Of the 17 individuals where thumb morphology was formally assessed, broad thumbs were only seen in 10 individuals indicating that they are a frequent but not mandatory finding in FHS. The differential diagnosis of broad thumbs includes Rubinstein-Taybi syndrome, where they are a cardinal feature. FHS is also in the differential, which is logical as SRCAP interacts with CBP. Other skeletal findings include broad first toes and brachydactyly. Broad fingertips are seen frequently, and the fingers are often described as being clubbed, although would be more accurately classified as having broad fingertips (Figure 4). Leisti et al. [2] reported a right-sided pseudoarthrosis-type anomaly of the clavicle noted at age two in one of their patients. Four individuals in our series have uni- or bilateral clavicular anomalies including pseudoarthroses or hypoplasia. Two individuals have 11 pairs of ribs and four have hip dysplasia.

Figure 4
figure 4

Hands and feet of individuals with FHS. Clinical photos demonstrating the variability of features ranging from unremarkable to brachydactyly, short broad thumbs and big toes, broad fingertips.


Where available, growth parameters were plotted on aggregate graphs. Thirteen of 49 individuals had birth weights less than the third percentile (Figure 5). For females, the maximum height was at the 20th percentile, with most data points between minus two and minus four standard deviations (SDs) (Figure 6). For the males, the height measurements varied more widely, with maximum height at the 25th percentile and two adult heights below four SDs (Figure 7). Occipito-frontal circumferences (OFC) were more variable, with most being well within the average range (Figures 8 & 9). Seven individuals had OFCs less than two standard deviations, and only one measurement was less than minus 3 SDs. This suggests relative sparing of head size in relation to stature. Body weights were not consistent to suggest a particular body habitus for this syndrome, and probably reflect the variability seen in the general population.

Figure 5
figure 5

Birth weights of individuals with FHS. Male birth weights - blue dots; Female birth weights – pink dots. The mean, 5th and 95th confidence intervals are indicated.

Figure 6
figure 6

Height and weight of female individuals with FHS. Each point represents a single individual’s measurements at the time of data collection.

Figure 7
figure 7

Height and weight of male individuals with FHS. Each point represents a single individual’s measurements at the time of data collection.

Figure 8
figure 8

OFCs of females with FHS. Each point represents a single individual’s measurements at the time of data collection. The mean, 5th and 95th confidence intervals are indicated.

Figure 9
figure 9

OFCs of males with FHS. Each point represents a single individual’s measurements at the time of data collection. The mean, 5th and 95th confidence intervals are indicated.

Bone age and endocrine

Bone age values were plotted against chronological age (Figure 10) and all values in subjects less than 8 years old showed significant delays. There were no data values between ages 8–10 years, however, the bone ages approached the chronological age or became advanced after age 10 years. A number of participants in this study have been on growth hormone (GH) therapy, which may alter the natural history of growth in this population. Two of our subjects have been assessed in more detail regarding this issue [9, 10]. Some GH treated individuals with FSH had documented GH deficiency, while others had modest responses to treatment despite normal levels of GH [9, 10, 12]. Early puberty has previously been reported [13] in FHS and was documented in four individuals in our study. Some of our subjects are currently pre-pubertal, while others could not accurately report pubertal timing, rendering the data incomplete. However, early puberty could explain the advanced bone age seen in teenage individuals with FHS as well as contributing to shorter adult heights.

Figure 10
figure 10

Bone age values plotted against chronological age for 25 individuals with FHS.

Structural anomalies

A number of structural anomalies were detected in our cohort (Table 2), but no particular finding was seen with enough frequency to consider it a distinguishing feature of this syndrome. However, as some anomalies may affect clinical management, comprehensive screening is necessary in this population.

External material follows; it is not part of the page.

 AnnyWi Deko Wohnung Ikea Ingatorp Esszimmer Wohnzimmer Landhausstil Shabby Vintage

Table 2 Frequency of different clinical features in individuals with FHS

Voice quality and language

A high-pitched voice is often commented upon in individuals with FHS and was reported in 8/11 individuals. Others noted a nasal quality to the voice. An additional individual had documented velopharyngeal insufficiency (VPI), which may indicate that VPI is under-recognized. Expressive language delay is a cardinal feature of this syndrome, and was reported in all subjects. There was significant variability in severity with one individual who was bilingual, while another could only speak a few words as an adult. However, language development could potentially be hampered by the high frequency of recurrent otitis media and conductive hearing loss found in our cohort.

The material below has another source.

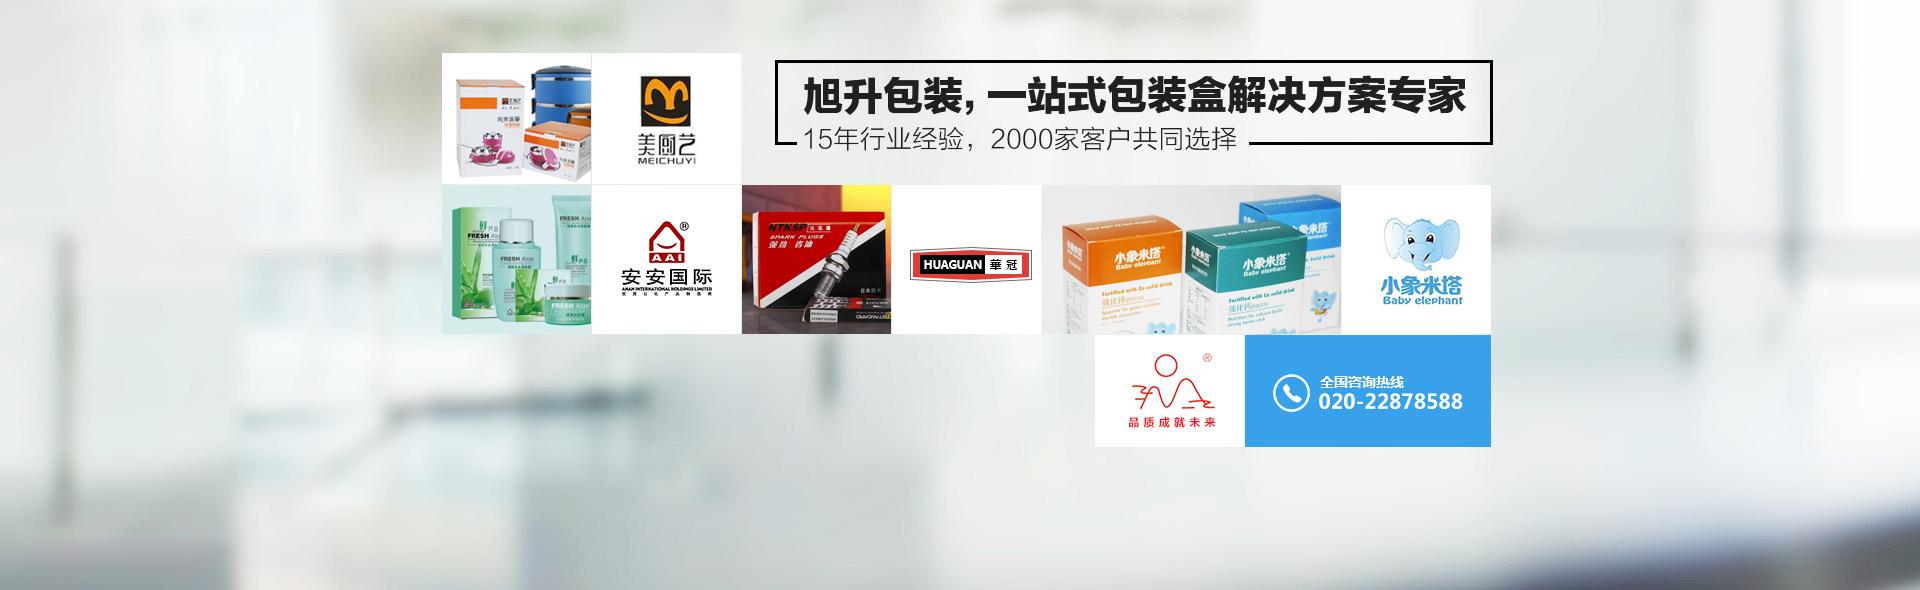 山东彩盒包装厂家彩色印刷工艺-济南尚邦佳品包装制品有限公司

The cognitive abilities in individuals with FHS range from average (IQ of 104) to significant intellectual impairment in a few instances. Most individuals had some modifications of their schooling (37/41). Obtaining full psychoeducational assessments on this cohort was beyond the scope of this study. However, when assessing global cognition in an individual with FHS, one must consider the language impairments, and in some instances sensory impairments, and adjust accordingly.


The caregivers, in comparison to physicians, who filled out the questionnaires, often commented upon behavioral issues for their children (5/25). It is likely that these issues are under-recognized in this population. Rigid mannerisms were observed (7/25), as were some obsessive tendencies (e.g. skin picking). Parents often described their children as anxious individuals and attention deficit hyperactivity disorder (ADD or ADHD) was common (9/32).

We acknowledge that the data collection in our study was incomplete as data was obtained from a number of sources without a centralized clinical assessment. We also recognize that the ethnic backgrounds of the study subjects were mostly Caucasian and that FHS may be more difficult to diagnosis in other populations. However, three individuals of Chinese origin were clinically diagnosed and identified to have mutations in SRCAP. In addition to growth and developmental issues, all of these subjects had classical FHS facial features, which were distinct from those of their family members.

Lastly, we evaluated for the presence of a genotype-phenotype correlation in FHS. Upon review of the clinical data, no clinical features were identified which discriminated between the different mutations. Given that all mutations cause truncation in a very defined area of the gene, this observation was not entirely unexpected.

Development of diagnostic criteria

The indication for analysis of the SRCAP gene was a presumptive diagnosis of FHS. The majority of those who underwent testing had short stature, delayed bone age, language delays and a distinctive facial appearance, usually with a prominent nose. Clinicians very familiar with FHS were able to distinguish those who ultimately carried a mutation in SRCAP, by his/her clinical information and facial photographs, from those who did not have a mutation. Those individuals who were referred who did not have a mutation detected often had dysmorphic facial features, but these were distinct from the classical FHS gestalt, making facial features the defining characteristic of FHS. The nose is quite distinctive in FHS with its overall triangular appearance, the orientation and size of the nares and the low hanging columella. The linear orientation of the mouth, at rest or when smiling, is also an important defining feature. Additional consistent features of those who tested negative were a formal diagnosis of autism or head circumferences at a comparatively smaller OFC percentile than that for height. Russell-Silver syndrome and 3-M syndrome are included in the differential diagnosis for FHS, but we do not believe any of the patients in our negative group had either of these diagnoses.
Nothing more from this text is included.